Torrington conference gives boost to locally-based ag economies

Sheridan's Sam Western writes for The Economist, WyoFile and an assortment of other publications on issues important to Wyoming and the high and dry West. His latest piece for WyoFile is about agriculture. Sam's not an aggie, and neither am I, but we both know that corporate large-scale ag has proven destructive to the High Plains. Not only on the landscape but on the human culture.

The "localvore" movement may have a partial solution. A recent ag summit was held in Torrington. The local Table Mountain Winery participated, as did Meadow Maid Farms out of Yoder which offers an increasingly popular CSA program.

But Sam's article tells it better in today's Wyofile story:

"Wyoming agriculture is beginning to plant new seeds, and poor counties, known for monoculture, lead the way," reports WyoFile correspondent Sam Western. Sam found himself very pleasantly surprised in late summer when a conference in Torrington featured delicious meals from local producers. He went on to examine what the local food movement, and what new ventures in agriculture might mean to the traditionally agricultural, and poor, counties in southeast Wyoming. As a small supplement to the economic changes that recent oil industry interest in the Niobrara formation may bring, that is.

The problem in modern agriculture, declared Torrington conference speaker Joel Salatin, "is creating holistic, complementary systems to create salaries for the next generation. The average age of the American farmer is 60 years old. Farmers hit retirement age and then give it to the kids. That’s too late. The time to pick up that youthful enthusiasm is when they are 16-18 years old. We need to build enough income into farms to hire ourselves and our children and next generation."
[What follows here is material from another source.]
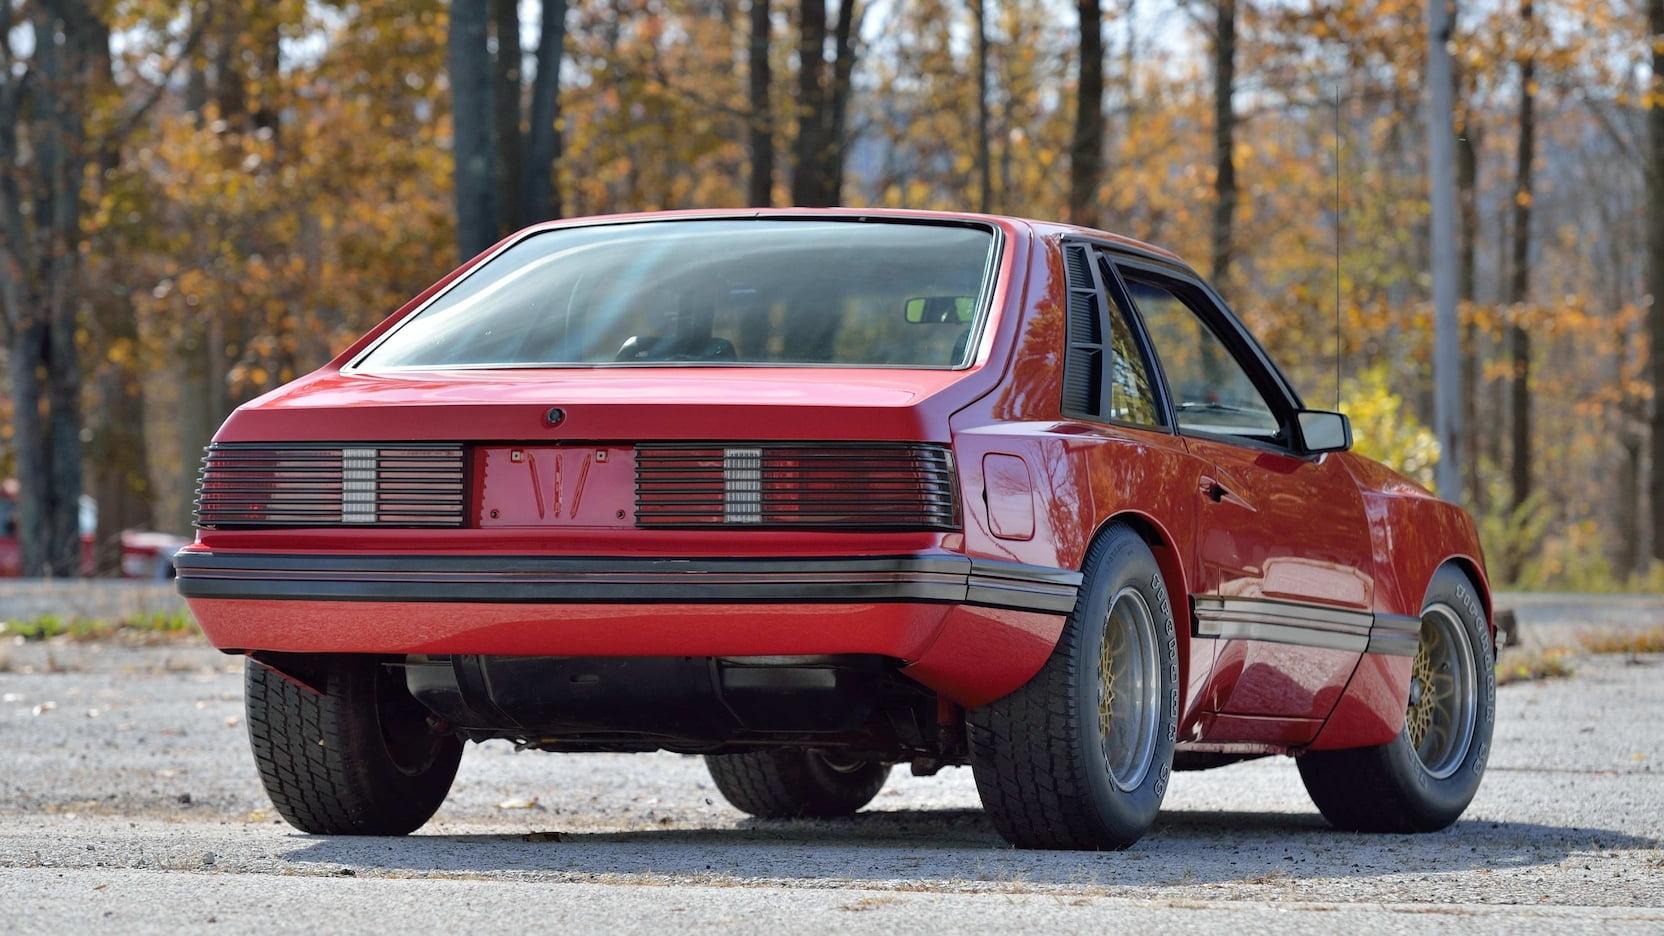 1980 Mercury Cosworth Capri rear 3/4

Some of these topics will be discussed at a state-sponsored conference on AgriFuture, starting tomorrow, Oct. 13, in Evanston. And meanwhile the legislature may be weighing in on issues regarding sales of home-made food from local products: a bill to exempt such sales from safety regulation got a committee endorsement in Buffalo earlier this month, despite serious objections from food safety experts.